Moreover, this morality play is unusual in our complex society for having
very few ambiguities – large and irredeemably evil corporations are pitted
against innocent children – and at a time when people are so cynical of the
moral credentials of public figures, a politician would be a fool to turn
down the part of dragon slayer.

It is possibly as a result of such political exigencies that public
discussion about smoking is so narrow.  It is, we all know, an indisputable
evil of modern society: a conspiracy of the cigarette giants, who trick
people into their pharmacological trap with large-scale propaganda; and an
addiction of insufficiently informed people, who smoke and spend themselves
into early graves at great cost to society.  Such an evil can invite only
elimination, and if this is a complete description of its working then it is
clear what has to be done: close down the propaganda machine and wake the
people up from the deceptions into which they have been thrown by telling
them the true nature of their habit.  When the right cocktail of such
measures is hit upon it should be possible to enlighten every sector of the
population, and the epidemic should disappear in a puff of nicotine-free
smoke, leaving behind a clean society.

Actually, it hasn’t happened like that.  The number of smokers in the UK has
remained more or less constant for the last decade, hovering just under 30%.
Since this period has seen a significant rise in the prominence of health
warnings, particularly in schools and colleges, we might suspect that there
is a large core of people who will not be deterred from smoking by the
knowledge that their hearts might seize up or their lungs turn into a
useless tumorous mess.  There is of course a simple explanation for this:
any attempt to discredit or repress a sensual phenomenon in society gives
that phenomenon still greater libidinal charge, thereby creating its
clientele.  Attempts to eliminate smoking by telling people about its
dangers are thus inherently flawed, for while many will thereby be deterred
from their habit, others will be reinforced in it.  Much as government might
like it to be, the whole truth of human life is not a search for
cleanliness, health and rationality.

But perhaps it's also worth taking the whole phenomenon more seriously (as
well as light-heartedly!) and refusing to see smokers merely as brainless
victims, smoking because they are ravaged by addiction and do not know any
better.  Maybe smokerdom is a lifestyle choice that has a completely
separate logic from the familiar one touted by health ministers, a logic
that is active and self-conscious rather than passive and coerced, a logic
that inhabits a different space from that of health warnings and "Pop stars
say no!" campaigns.

Smoking presents at least two kinds of counterpoint to modern society that
guarantee, I think, that it will always find adherents.  This is the terrain
into which the discussion never seems to go.

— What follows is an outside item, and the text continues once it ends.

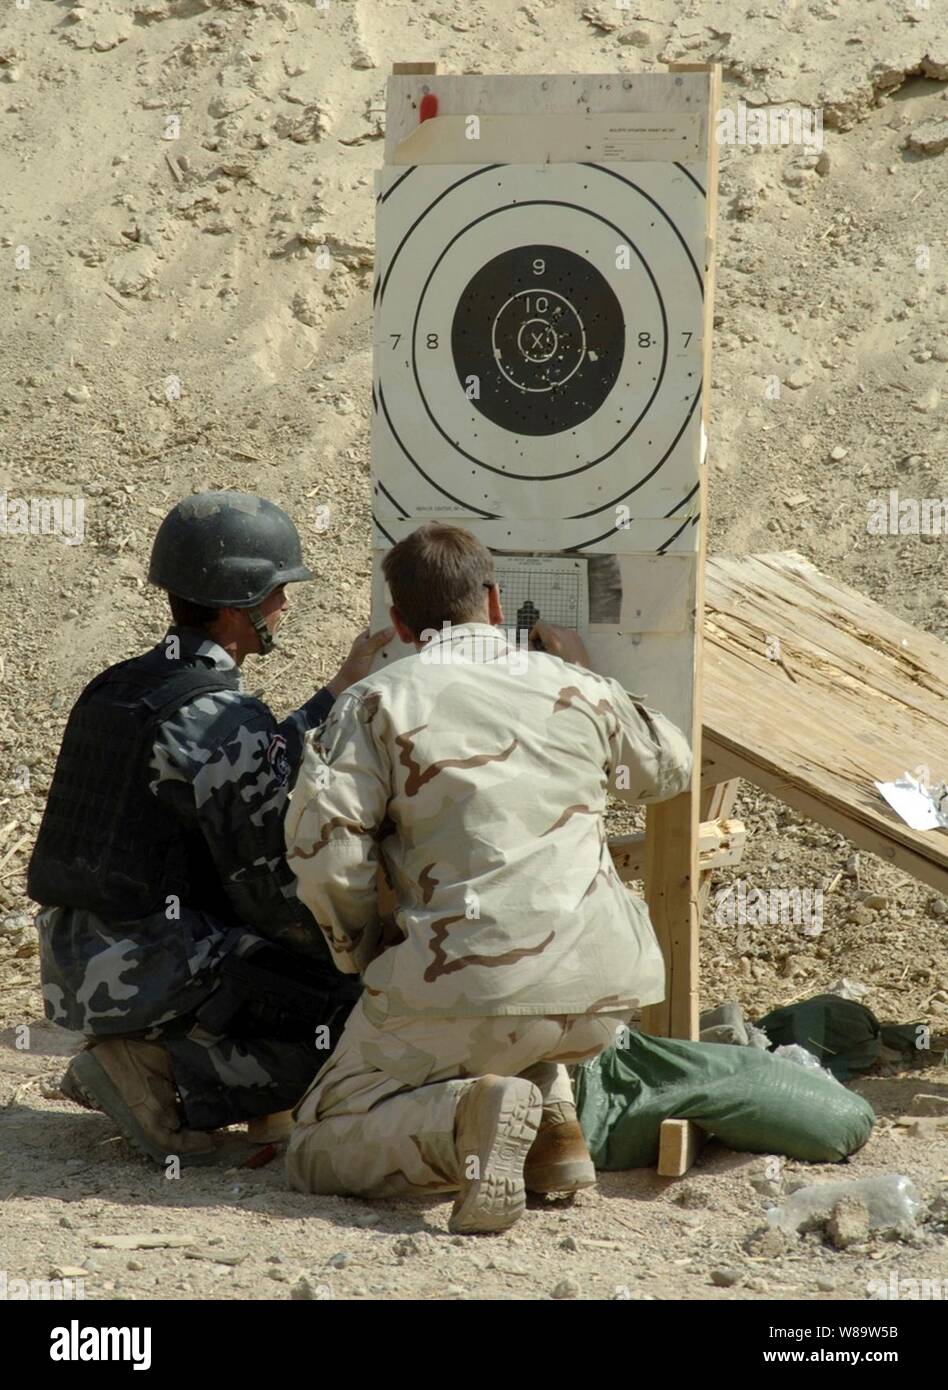 Un soldat de l'armée américaine (à droite), du 3e Bataillon, 10e Groupe des Forces spéciales reviews une cible tout en aidant un irakien d'armes spéciales et tactiques avec des membres de l'équipe observation correctement dans son arme au cours de l'entraînement au Camp touché, l'Iraq, le 26 août 2007. Banque D'Images

The first has to do with the gift economy of the smoker community.  Though
the rising prices of cigarettes might still put an end to this, they are in
general subject to a completely different set of rules to pretty much any
other commodity.  We can easily imagine a banker approaching a truck driver
in a railway station for a cigarette, imagine the driver obliging with no
expectation of anything in return, imagine them talking together over the
microritual, before stubbing out and going their separate ways.  But it is
difficult to think of anything else that one of those two people could ask
the other for without inviting suspicion ("Would you mind terribly if I had
a few bites of your sandwich...?").  The community of smokers is one in
which cigarettes and lights are freely, even warmly, given ("Take one for
the road"), and in which perfect strangers are willing to share a moment of
bodily experience and a few words.

This is actually rather strange.  Our society might be a better one if such
bonhomie were not wasted on a practice so unnecessary to life as smoking,
and extended to more essential things such as money and food and lodging,
but in such areas most of us are strictly observant of the principle of
self-sufficiency.  The image of the traveller who arrives late at night in a
town and avails himself of the rules of hospitality to procure dinner and a
bed at some stranger's expense is only, to us, a fairytale – or perhaps an
exotic travel story from some endearingly backward foreign place.  As far as
such basics are concerned, other people's needs place us under no
obligation – or, at least, these obligations have been successfully
subcontracted to the state through taxation.  The smoking community,
however, is quick to take care of the needs of anybody who is caught
without, and cigarettes circulate between people freely and across social
lines.  Insofar as it is pleasurable to relate to other human beings in the
simplicity of being human, independently of any other qualification, insofar
as it is meaningful to congregate around rituals of sensuality, it is easy
to see why smokers might wish to retain their links to this social network,
since all other such networks seem to have been destroyed.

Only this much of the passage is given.